You stated when asked if a law should contain personal cultivation, your answer is yes. You have also told me that you are following the advice of legislators as to what they think will pass. If you have ideas of how to get Dr. Morhaim’s bill passed Chairman Vallario I would love to hear them. But if he is going to block it than why not let him block all that we want.
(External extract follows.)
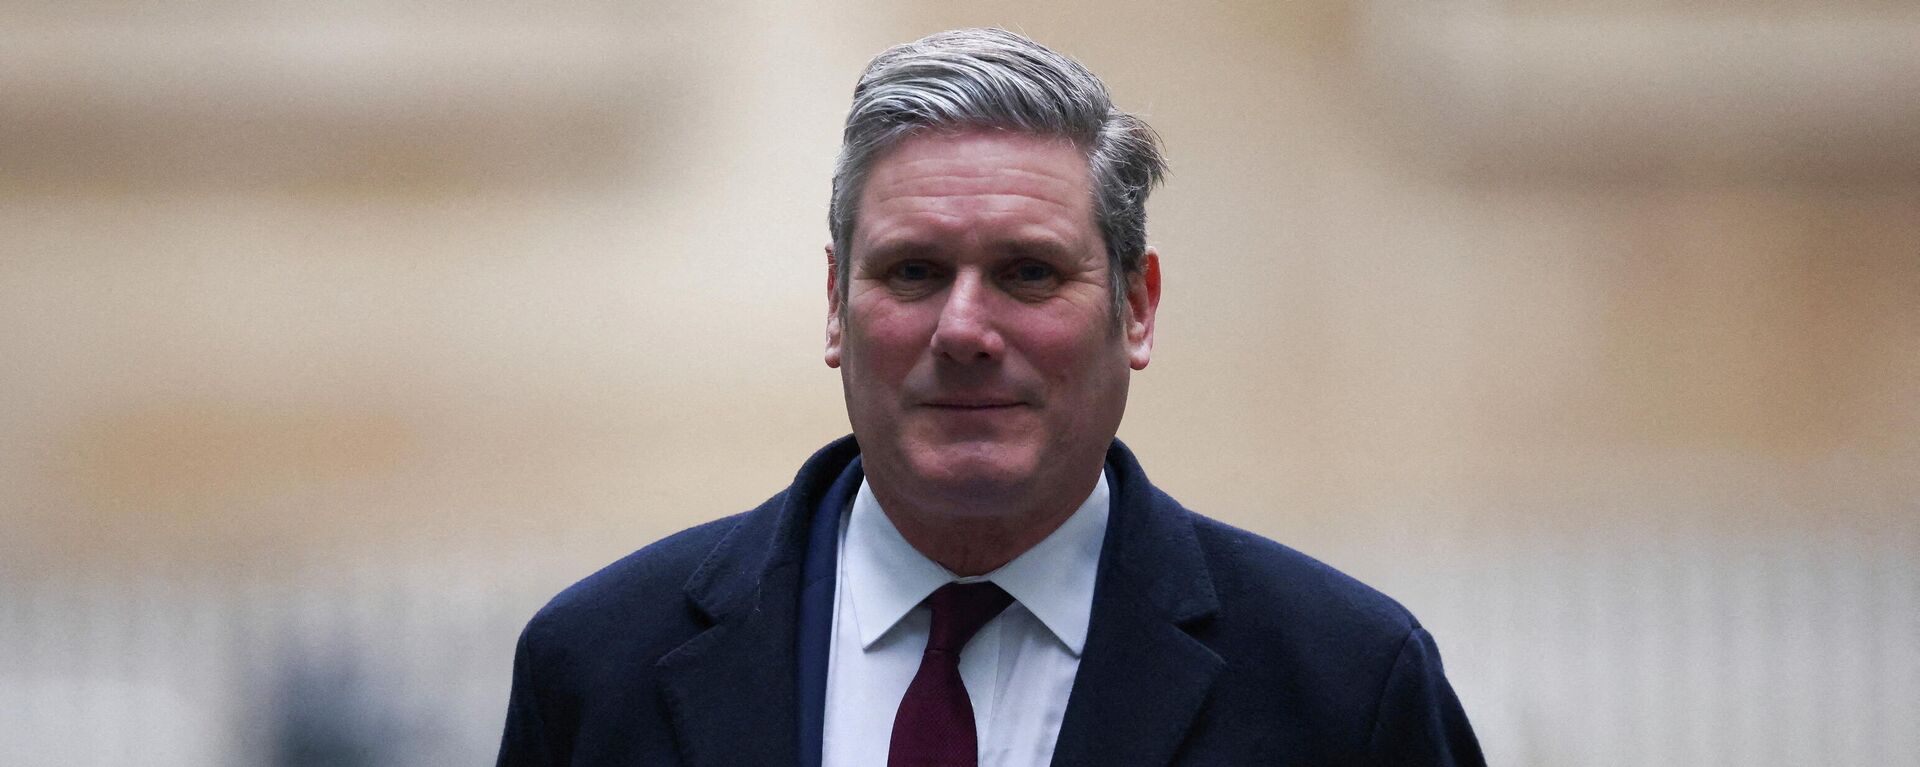 FILE PHOTO: British Labour Party leader Keir Starmer arrives at the BBC Headquarters in London - Sputnik International, 1920, 14.02.2022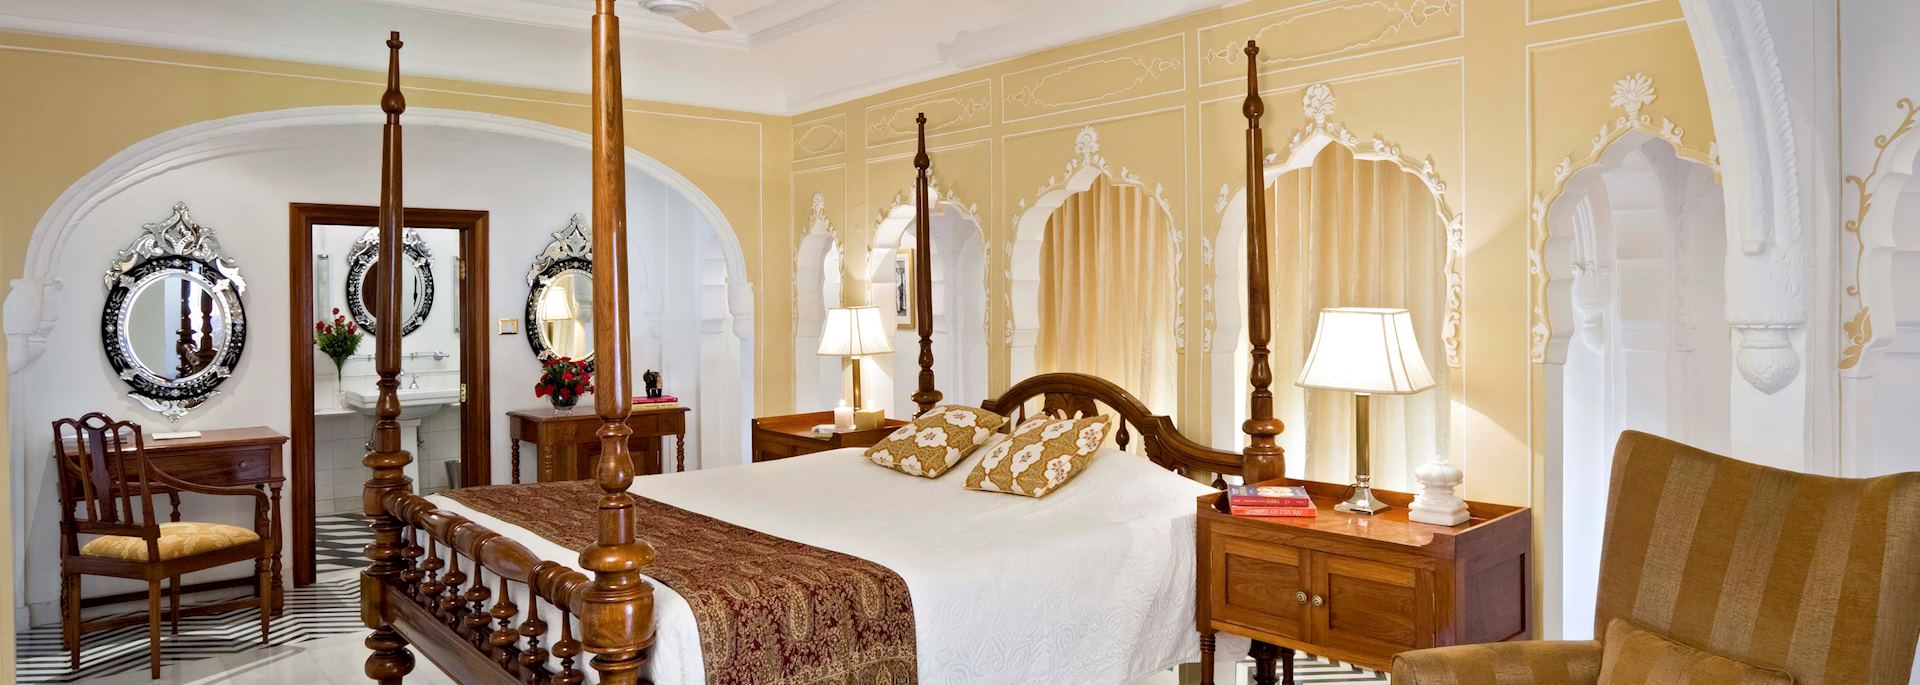 Deluxe room, Samode Palace

Now some may not agree with the provision of “black market cannabis” being illegal. Others may not agree with the inspection process. And still others will have other objections. However, if we all agree that a decentralized supply system and personal cultivation are going to be the best system for distributing medical marijuana than that’s what we spend our precious energy on. For patients like me that is our biggest contribution. To get bundled up in heavy coats and brave the cold of Annapolis in January and February, these are sacrifices that should only be asked for when the reward is in their very best interest, not just better than what we have.

Barry Considine said...

I finally figured out how to delete my four repeat responses to Dan.